There are lots of random walks on graphs that satisfy this definition. Like say you have a graph and you just specify the end points and say "walk 5 nodes at random from this starting node, what is the expectation that you end up at a specific end node". This could be a Markov process. At any point to estimate the state you only need to know the state now.
But lots of random walks on graphs do not have the Markov property. For example, say I did the exact same thing as the previous example, so I have a random graph and a start and target node and I say "Walk n nodes at random from the starting node. What's the expectation that at some point you visit the target node". Now I have introduced a dependency on the history and my process is no longer memoryless. It is a discrete stochastic process and it is a random walk on a graph but is not a Markov chain.

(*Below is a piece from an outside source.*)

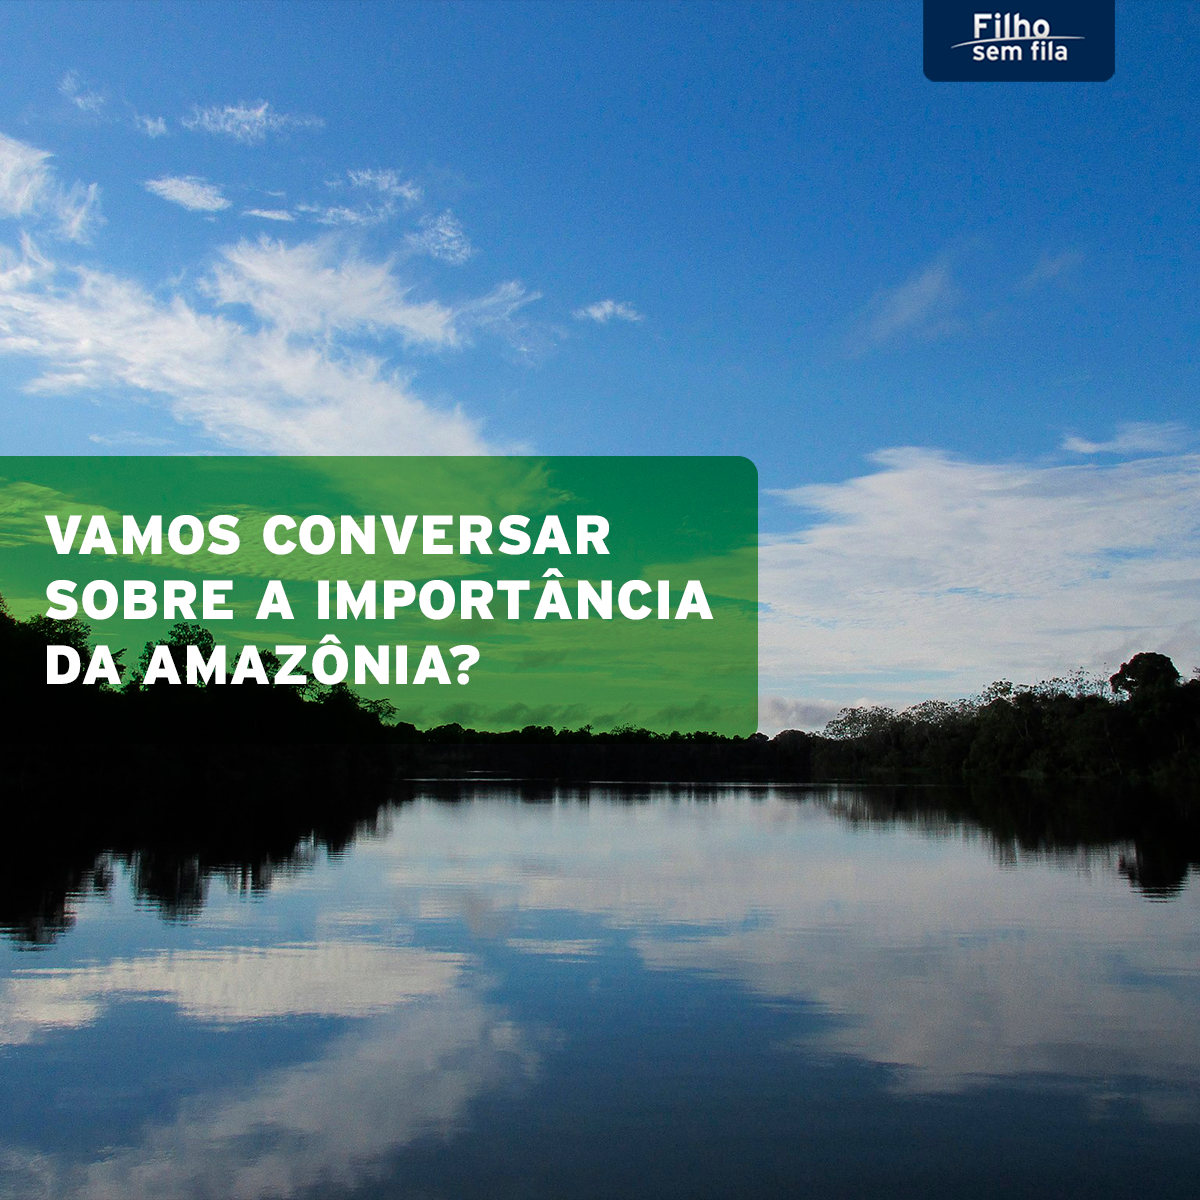 Vamos conversar sobre a importância da Amazônia?

An example of a Markov and non-Markov processes in real life is if I have a European option on a stock I only care about what the stock price is at the expiry date. But if I have a barrier option or my option has some knock-in/knock-out/autocallable features then it has a path dependence because I care about whether at any point in its trajectory the price hit the barrier level, not just the price at the end. So the price process for the barrier option is non-Markov.
reply
low_tech_love 2 days ago | parent | next [–]

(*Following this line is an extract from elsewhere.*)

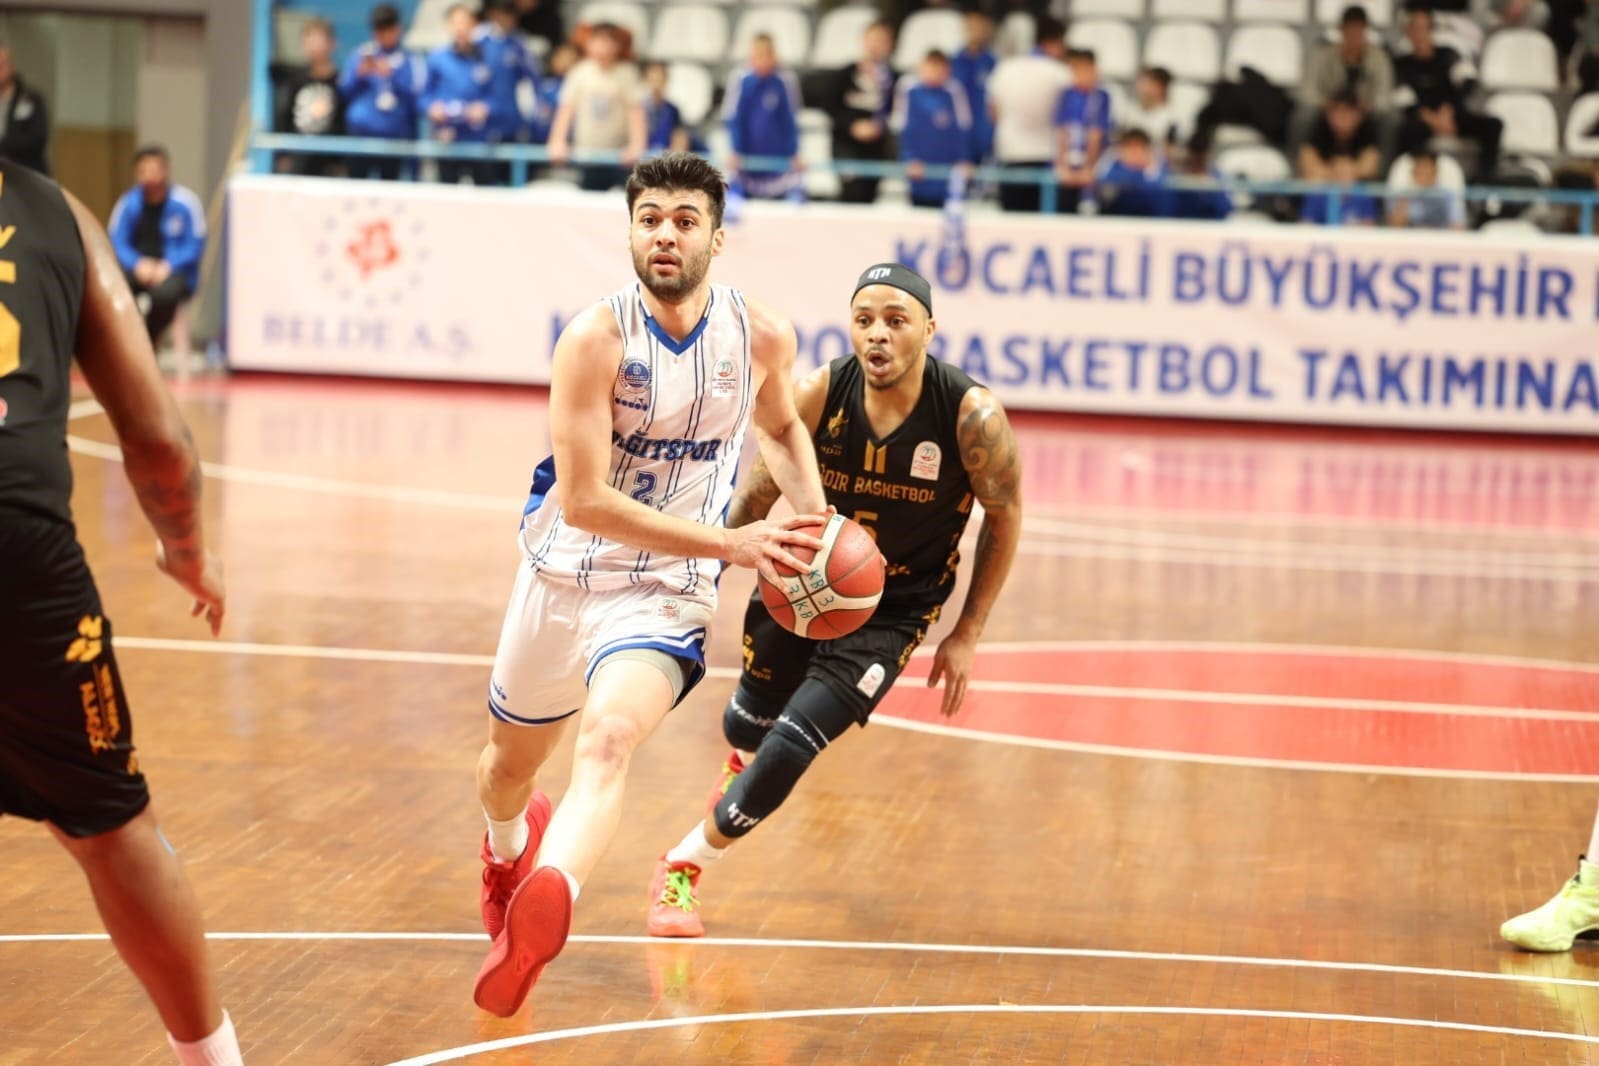 turkiye basketbol ligi kocaeli bsb kagitspor 83 igdir basketbol 68 1 gqXiDwLa

I won’t pretend to know the technical details (as the other replies do) but I want to make a point for the “pedagogical” effect here, which I agree with the author. The way I interpret the article, it’s not supposed to be a deep, theoretical treatise on the subject; more of an introductory, “intuitive” take on it. This works for those who need to either learn the concept to begin with, or refresh their memories if they don’t work with it every day. I think it’s a given that any intuitive take on a mathematical concept will always oversimplify things, with the underlying assumption that, if you actually need to know more, you’re going to have to dive deeper somewhere else. The most important thing I think is to help the reader build a rough conceptual understanding of the concept such that they can reason about it, instead of simply memorizing the terms.